Nvidia's Moment: The Most Important Stock on Planet Earth, Says Goldman Sachs

by Hubert Marleau, Market Economist, Palos Management

February 24, 2024

The Wednesday release of the January FOMC minutes was not on the top of my mind because I was pretty sure that the policymakers were not about to offer bond traders new clues as to where they stood on a rate-cut timeline. They confirmed that they may not begin cutting rates as soon or as much as previously believed, contemplating the risk of easing too early. Yet there were no signs that they may raise interest rates. On the contrary, many officials believe that the time has come to have a discussion about relaxing the stance of quantitative tightening.

The main occurrence of the week was Nvidia’s quarterly results. It’s not only part of the earnings calendar, but truly a macroeconomic event. Indeed, all eyes turned on Nvidia, for it has the earmarks of a buying climax due to an AI frenzy.

Stock operators were focussed on whether earnings were going to be supportive of Nvidia’s valuation and justify its blistering performance of the past, because it has become the favourite holding of the hedge fund industry, the most traded stock by value and the main reason for the rise in the broad benchmark. Indeed, its performance has been so spectacular that it has overtaken the market capitalization of Amazon and Alphabet to become the 3rd most valuable company on Wall Street and fourth in the world, just behind Aramco. The stock market believed that if Nvidia somehow managed to clear a very high bar, the release would likely propel the S&P to a new pinnacle. It did on Thursday, when the S&P 500 closed at 5087 - a new all-time high.

On this question, opinions were divided as option traders piled into both put and call options, suggesting that the price for NVDA could swing as much as 10% in either direction. After the bell Wednesday, the stock price popped 12% in the after-market because the company, once again, had surpassed expectations by a handsome margin. It not only showed no signs of letting up, giving guidance ahead of consensus, clearing what could have been an event risk and, in turn, forcing traders who were short to cover and those who were long to ride the wave longer. The party may not be over, either.  Some optimistic options traders are betting on the stock reaching $1300, which would be almost double its current price. Ben Reitzes, an analyst with Melissa Research, is projecting Nvidia’s revenue to grow 77% in the fiscal year ending January 2025 to $108 billion, raising his target price to $1000.

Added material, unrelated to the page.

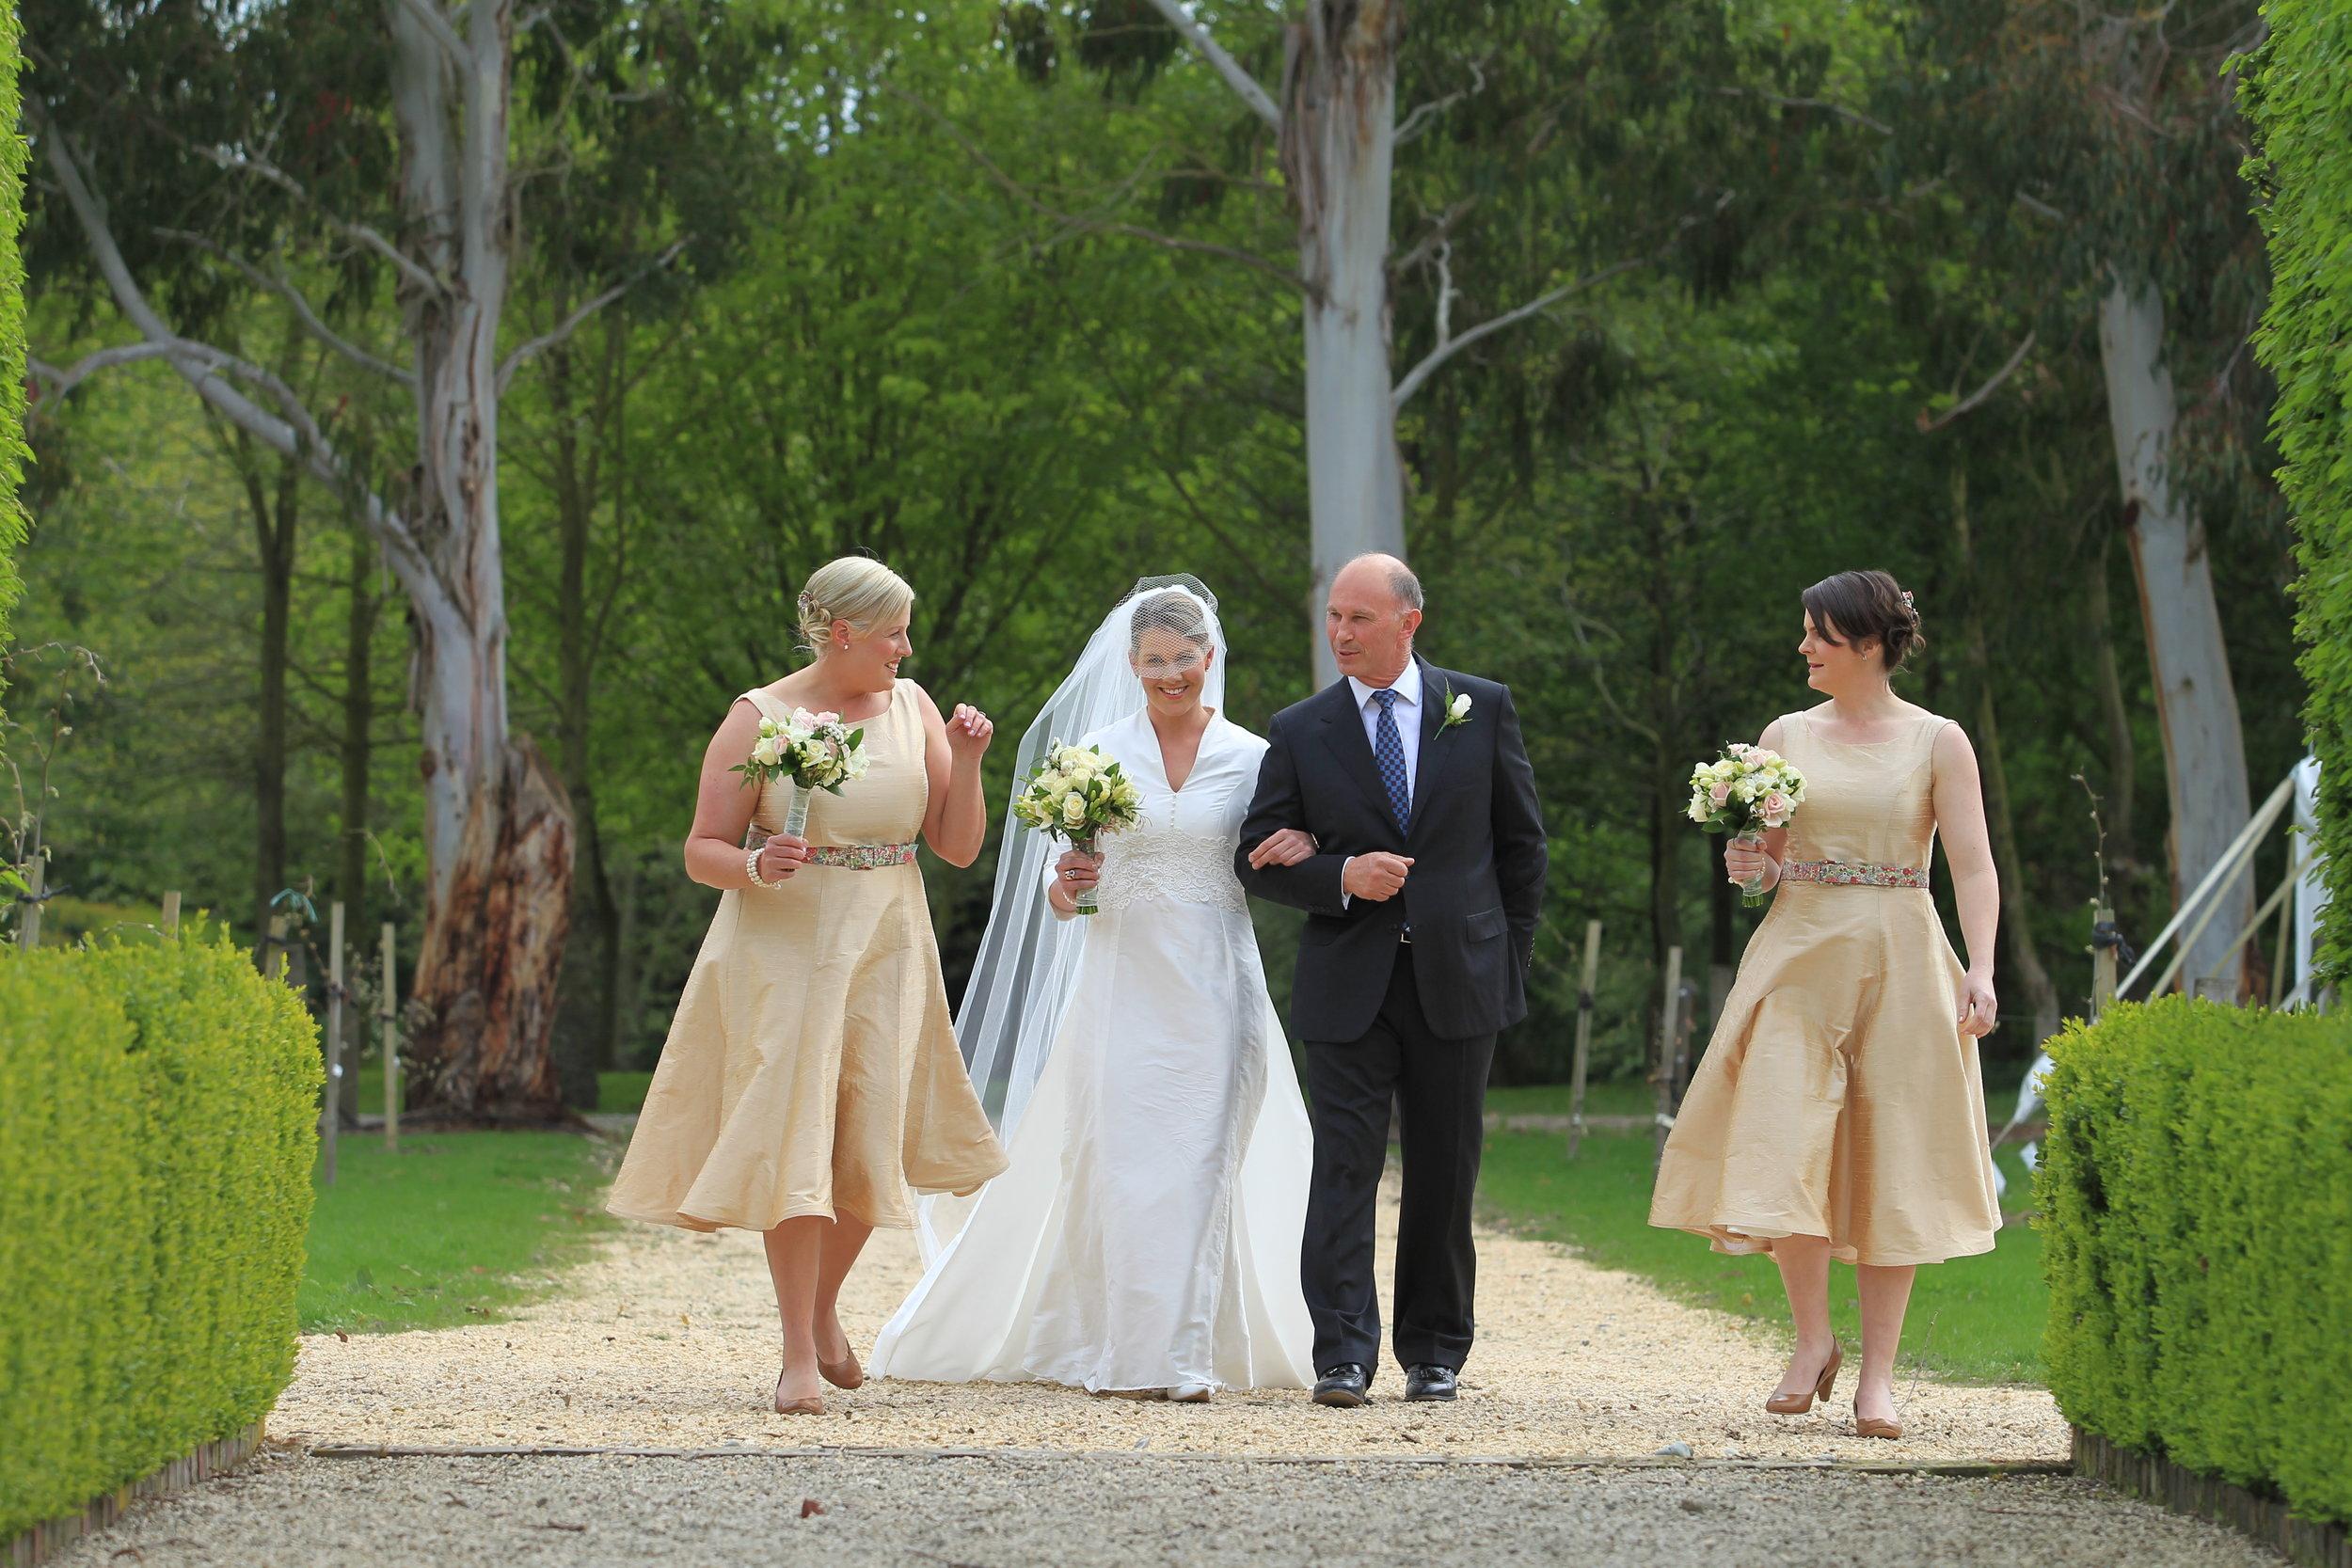 v - silk dupion - Christchurch bridal

While I was exalted with the earning results, as an economist, I was more focussed on total sales, because they are the clearest near-term and long-term leading indicator of whether the ongoing plans by companies to enhance productivity and efficiencies have legs. Nvidia has around a 80% market share in graphics processing units or GPUs used for AI - chips that accelerate servers - which are a must-have for AI applications. These are steadily creeping into software and services because one of the many things AI can do is chomp through vast oceans of data to figure out new ways to raise productivity. All servers will need to be accelerated to streamline decision making, boost efficiency and stay ahead of the curve to remain competitive. This is already happening in healthcare, robotics and applications, transforming the way people interact with computers and do their job. A whole new industry is being formed because this new  application space is becoming ubiquitous. The total addressable market for AI accelerators, including memory, will reach $400 billion by 2027 - up from $140 billion in 2024.

In this connection, Nvidia's total revenue totaled $22.1 billion in the January 2024 quarter, up 22% from the previous one and 266% from a year ago. Meanwhile, the CFO predicted another massive sales gain in the forthcoming April quarter, thanks to insatiable demand for its artificial intelligence accelerators. Big tech companies are pouring cash into AI at a breakneck pace, kicking off a new wave of investment worth trillions of dollars, which Jasen Huanf, CEO of Nvidia, believes will double the amount of data centres in the next 5 years. He added: “Accelerated computing and generative AI have hit a tipping point: demand is surging across companies, industries and nations.”

This can only mean that recent productivity trends will continue in a sustainable fashion.  We’ve been on this kick for two years now and are not about to change our mind on this one issue -  not with these kinds of results. It's all about productivity and we are getting it right - right now.

P.S.  I’m on a cruise ship until March 22. There will be fewer letters (unedited plus short and sweet.)